Он не был неверующим, даже часто думал о Боге, но думал о нем как-то отвлеченно, словно о невидимом ведущем телеигры “Что? Где? Когда?”, голос которого раздавался откуда-то сверху. Он задавал людям вопросы, но не помогал искать ответы. Примерно так понимал Звонарев и предназначение Высшего разума. Просить Его, считал он, о чем-то бесполезно, да и не нужно. Если человек создан Богом, то явно не для того, чтобы он приходил к Нему с просьбами, как в собес или местком. Человек сам в состоянии себе помочь. В сущности, он знает это, даже моля Бога о помощи. Например, человек говорит: Господи, исцели меня, а я больше не буду грешить! — и действительно исцеляется, бросив грешить, так как грехи и были причиной болезни.
Но теперь все эти интеллигентские, рациональные построения разом отлетели от Алексея. Стоя под высоким куполом в храме, с необыкновенной остротой он ощутил, что нуждается не в беспристрастности некого Верховного Судии, а в том, чтобы этот Некто схватил его за шиворот и вытащил из беды. Вот во что столетиями верили простые люди! И так ли примитивна эта вера?
Глядя на какого-то плохо одетого человека, который распростерся на коленях у солеи, припав лбом к холодным плиткам пола, Звонарев подумал: “Разве Божий мир — это зал некого Высшего суда? Когда еще будет тот Суд! А люди просят у Бога милосердия, которого так мало вокруг! Можно помогать самому себе, отвечать на все вопросы, делать все правильно, но мир не станет от этого милосерднее. Вот я один, окружен со всех сторон врагами, и на кой ляд сдались мне правильные ответы? Какая разница, правильные они или неправильные? Что от этого меняется? Сказано: “Милости прошу, а не жертвы”! Мы ждем от Бога милосердия, а он от нас — вот и вся премудрость… Человек лежит на полу в храме, просит, некуда ему больше пойти, не у кого больше просить.
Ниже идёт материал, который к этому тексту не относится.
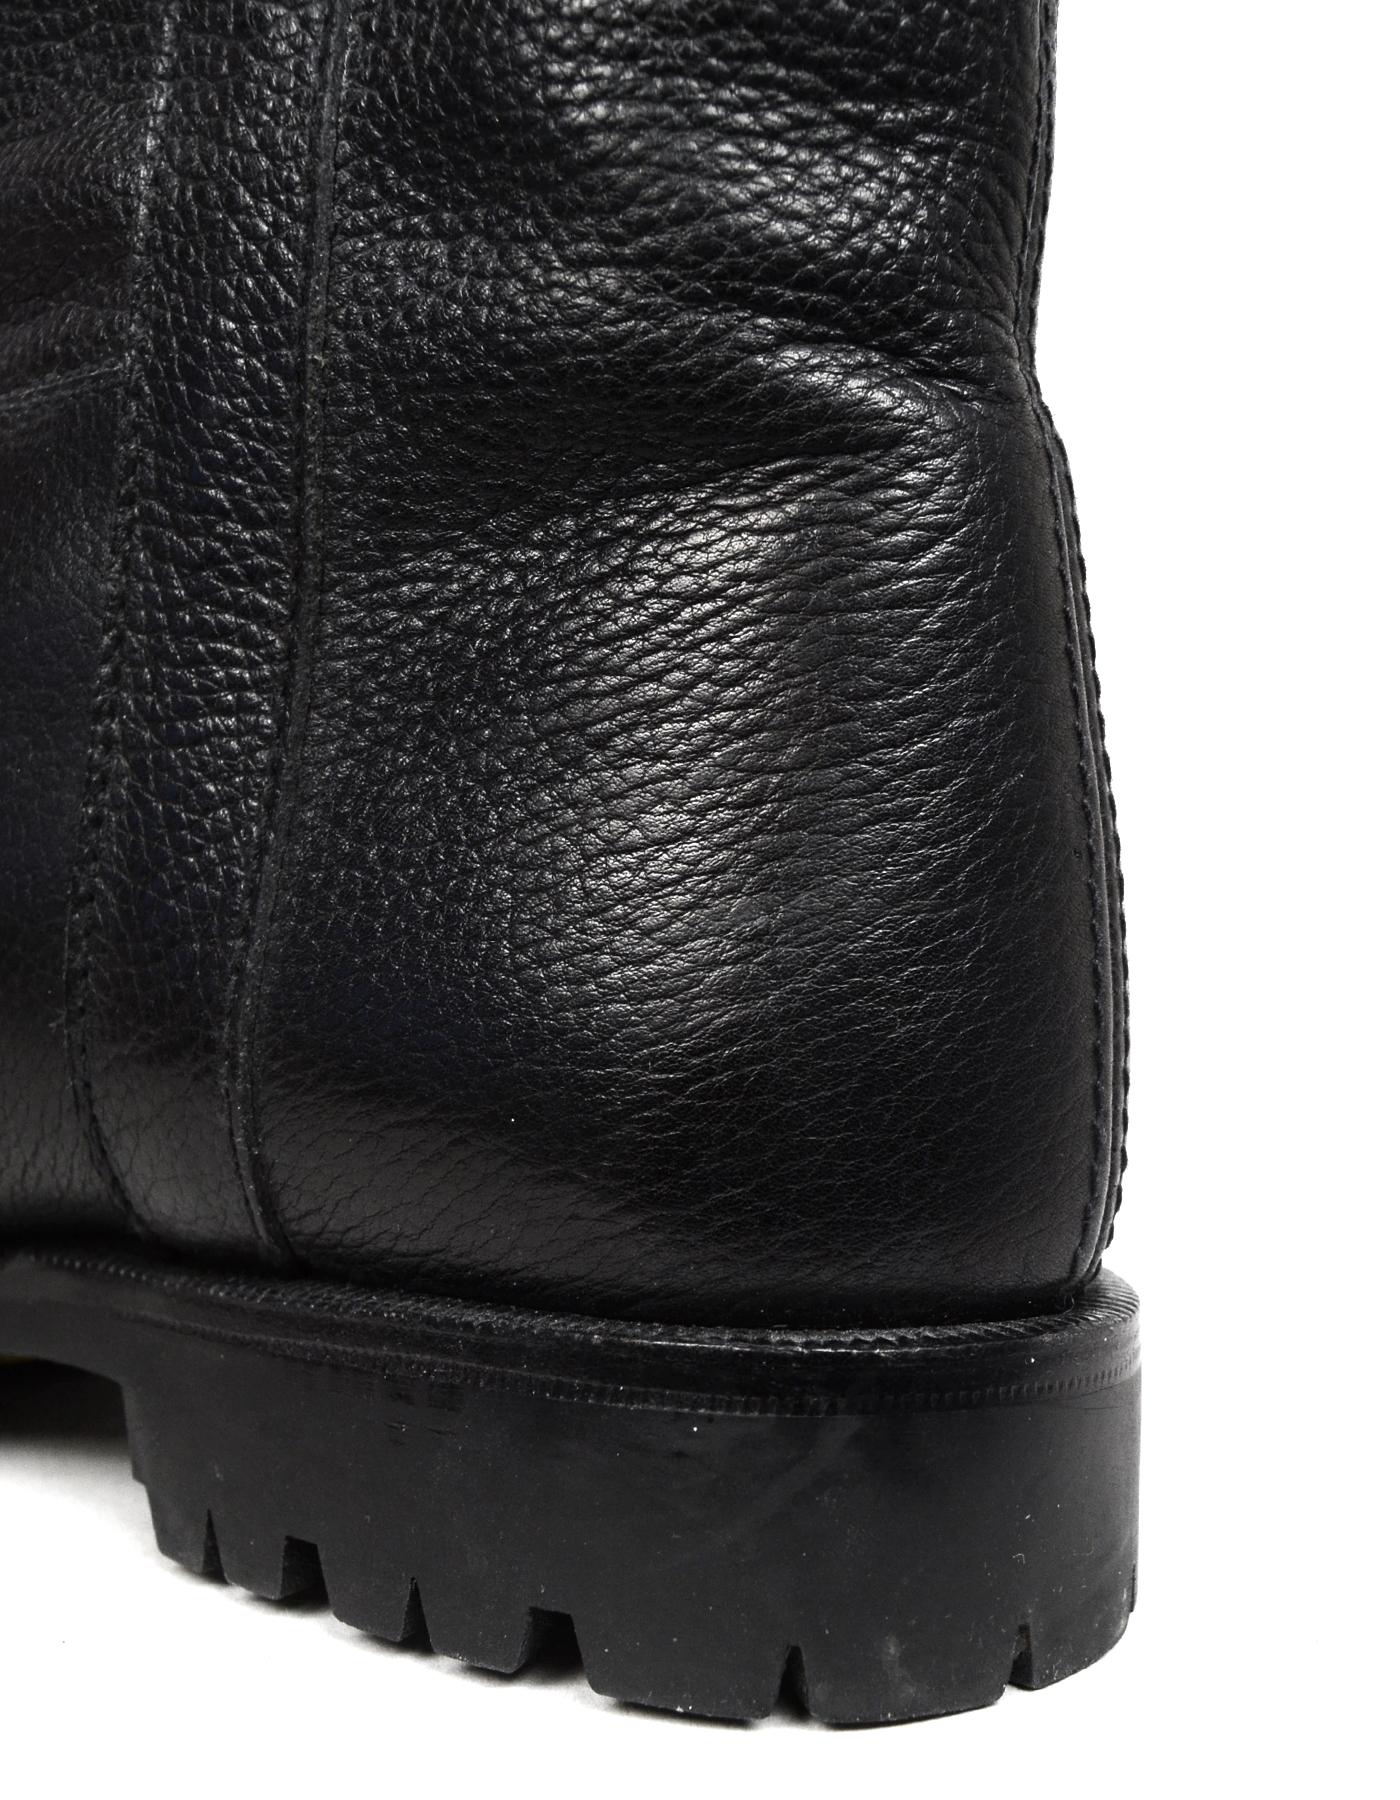 Gravati Black Leather Mid Calf Boots Sz 7.5 1
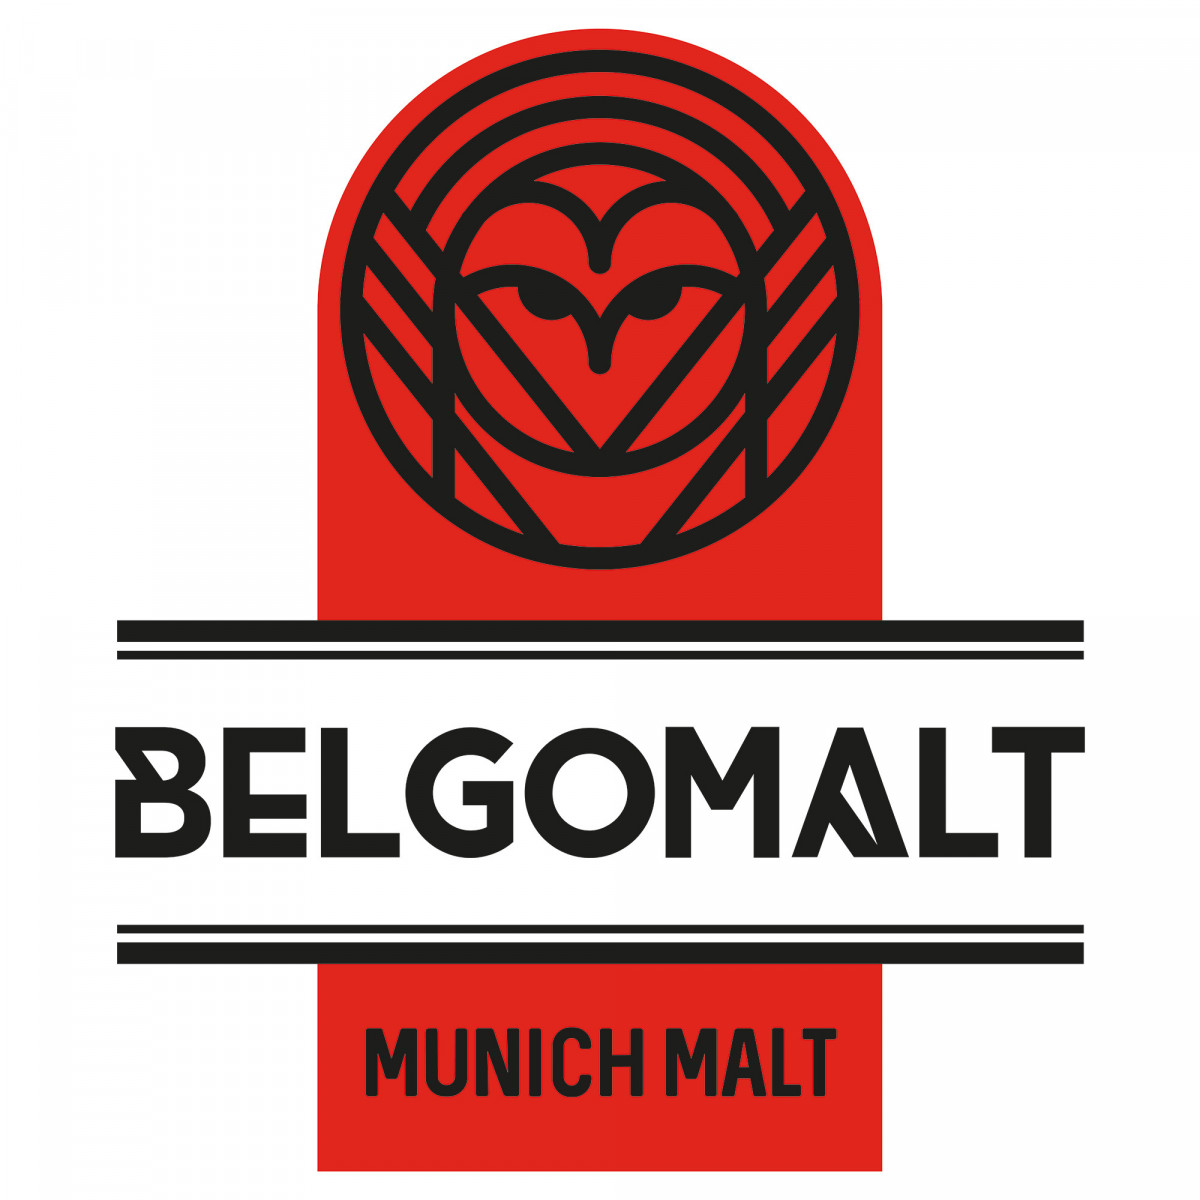 Belgomalt Munich 25 - 35 EBC 1 kg

Милосердия в мире мало, потому что оно растворено в равнодушии и зле. Для того, наверное, и существуют церкви, чтобы собирать где-то его драгоценные крупицы”.
Не зря говорят — “собор”! Крупинка золота сама по себе ничто, а вот из тысячи крупинок выплавляют монету. Но монету не поделишь, ее можно отдать лишь одному человеку. Очевидно, Бог дарует милосердие тому, кто больше в нем нуждается. Кто сильнее попросит… В мире очень много золота, но если его, включая и то, что лежит в земле, разделить поровну между всеми людьми, то они получат по той же самой монетке. Точно так же, наверное, обстоит и с милосердием. Его в мире не мало и не много, а ровно столько, сколько людей. Взывая о милосердии, ты либо просишь у кого-то другого монетку, либо отдаешь кому-то свою.
“Не о сценарии надо было думать, когда Кубанский рассказывал о деле игумена Парфения! А о том, что вынес этот невинный человек, злодейски убитый, растерзанный, сожженный на костре, лишенный достойного погребения. Тогда, глядишь, ты был бы достоин милосердия… А у тебя сердчишко забилось, когда услышал о трех тысячах…”.
Он, как умел, стал молиться за упокой отца Парфения. Но холодный интеллигент, приверженец “теории невмешательства”, насмешливо наблюдал за ним со стороны. “Как же, как же, слышали: “Чем больше человек отдает, тем больше получает”! Ключевое слово все равно — “получает”! Ты и о милосердии размышляешь, как о кассе взаимопомощи!”.